Hi i found this exercise in the solved exercise session in my university portal and there was something there that i did not understand and i was hoping i could receive some answers here if possible.
So the exercise goes like this :
Compute the area of the set $T ⊂ R^2$ of the points lying within the trace of the closed curve $γ = γ_1 ∪ γ_2 ∪ γ_3$, counterclockwise oriented, where
$γ_1(t) =(sin^3(t), cos^3(t))$ , $t\in [0,\frac \pi2]$
$γ_2$ is the arc of the ellipse $x^ 2 +\frac 1 4 y^2=1 $ contained in the first quadrant and
$γ_3$ is the half-circle, with centre at $(0, \frac 32 $) and radius $\frac 12$ , contained in the first quadrant
What he does is he uses th Green Theorem if $F:R^2\to R^2$ 2 is a vector field of class $C^ 1 , F = (f1, f2)$, such that
$(1.1)$ $\forall(x,y)\in R^2: \frac {\partial f_2(x,y)} {\partial x}-\frac {\partial f_1(x,y)} {\partial y}=1$ then
$Area(T)=\int _T 1dxd = \int _T (\frac {\partial f_2(x,y)} {\partial x}-\frac {\partial f_1(x,y)} {\partial y})dxdy=\int_T F dP=\int_{\gamma_1}F dP+\int_{\gamma_2}F dP+\int_{\gamma_3}F dP$
Then he parametrizes all the $\gamma1,\gamma2,\gamma3$ and then he finds the derivative of each
Up until now i think i understand everything
Here is the part i dont understand
He writes: If we consider the vector field $F(x, y) = (f1(x, y), f2(x, y)) = (0, x) $satisfying $(1.1)$(is referencing $(1.1)$ above), we have
$\int_{\gamma_1}F dP=\int^{\frac {\pi}2}_0F(\gamma_1(t))\gamma_1 '(t)=\int^{\frac {\pi}2}_0 (0,sin^3(t)(\gamma_1'(t)))$
From here on he does the same thing with all the others and from there on is just computation
Why did he decide to consider consider the vector field $F(x, y) = (f1(x, y), f2(x, y)) = (0, x)$?
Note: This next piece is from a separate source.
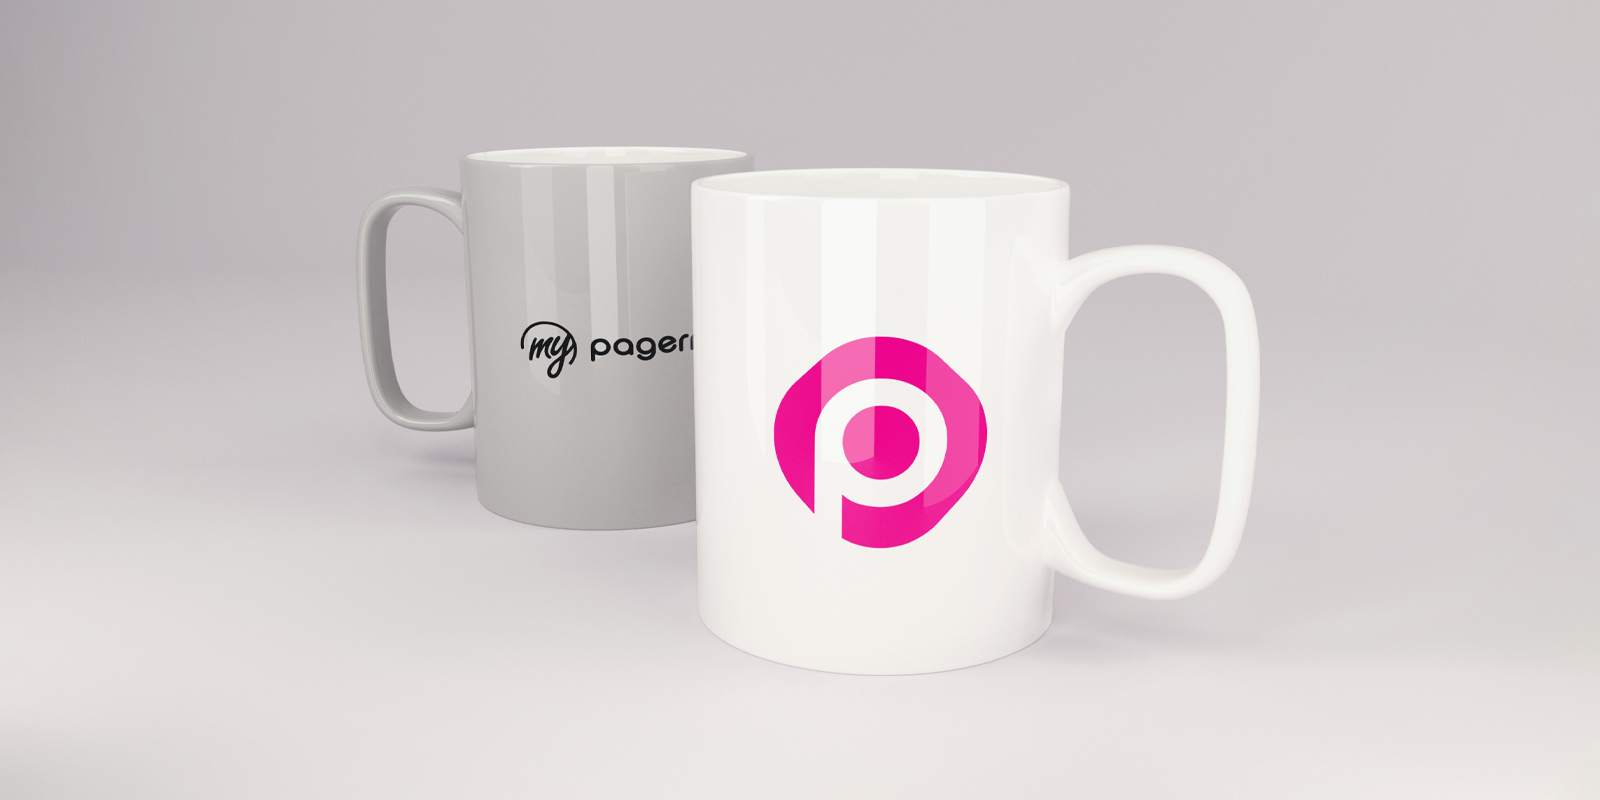 Mugs in Madrid - Print with Pagerr

The short answer is because $2D$ vector field $\vec F = (0, x)$ has the scalar curl of $1$. In other words,
For vector field $ \vec F = (P, Q)$ and a counterclockwise oriented closed curve, Green's Theorem states that,
$\displaystyle \iint_T \left (\cfrac{\partial Q}{\partial x} - \cfrac{\partial P}{\partial y}\right) dA = \int_{C} \vec F(\lambda(t)) \cdot \vec\lambda'(t) \ dt$
So if we want to find area bound by a closed curve, we choose a vector field which has constant scalar curl, for example, $(-y, x)$ or $(0, x)$ or $(-y, 0)$.
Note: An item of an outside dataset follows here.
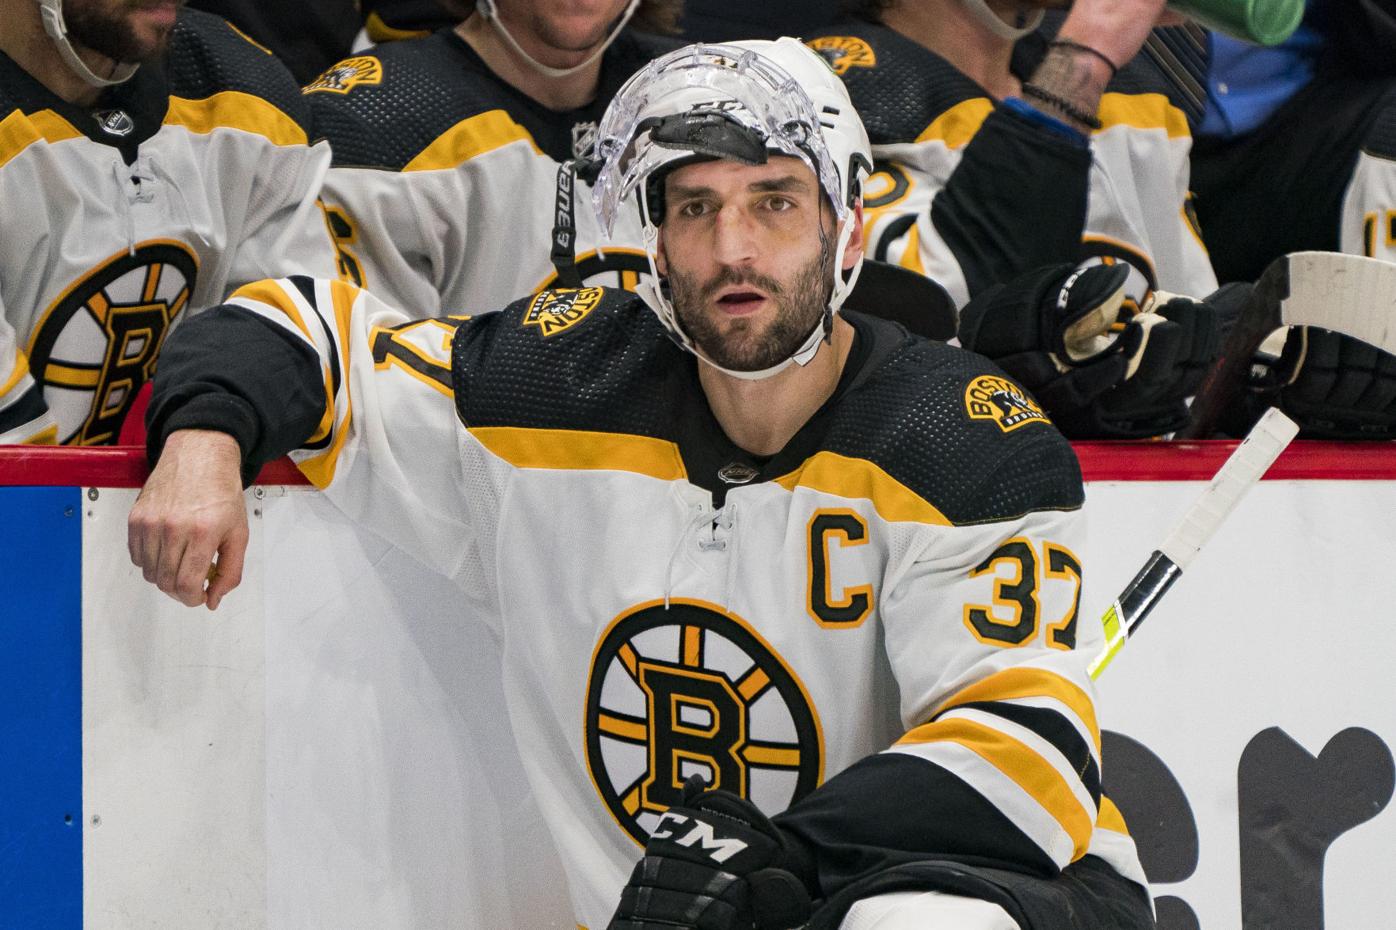 Patrice Bergeron retires: Looking back at top moments from

In this case, $\vec F = (P, Q) = (0, x)$
So, $\cfrac{\partial Q}{\partial x} - \cfrac{\partial P}{\partial y} = 1$
So LHS is $ \displaystyle \iint_T 1 \ dA \ , \ $ which clearly gives the area.
Here is the diagram of the region.
You can see the region is bound by $\lambda_1, \lambda_2$, and $\lambda_3$.
So it comes down to line integral of the vector field over $\lambda_1$, $\lambda_2$ and $\lambda_3$. Make sure you are choosing the right orientation for line integral over each curve so it gives the area bound by them.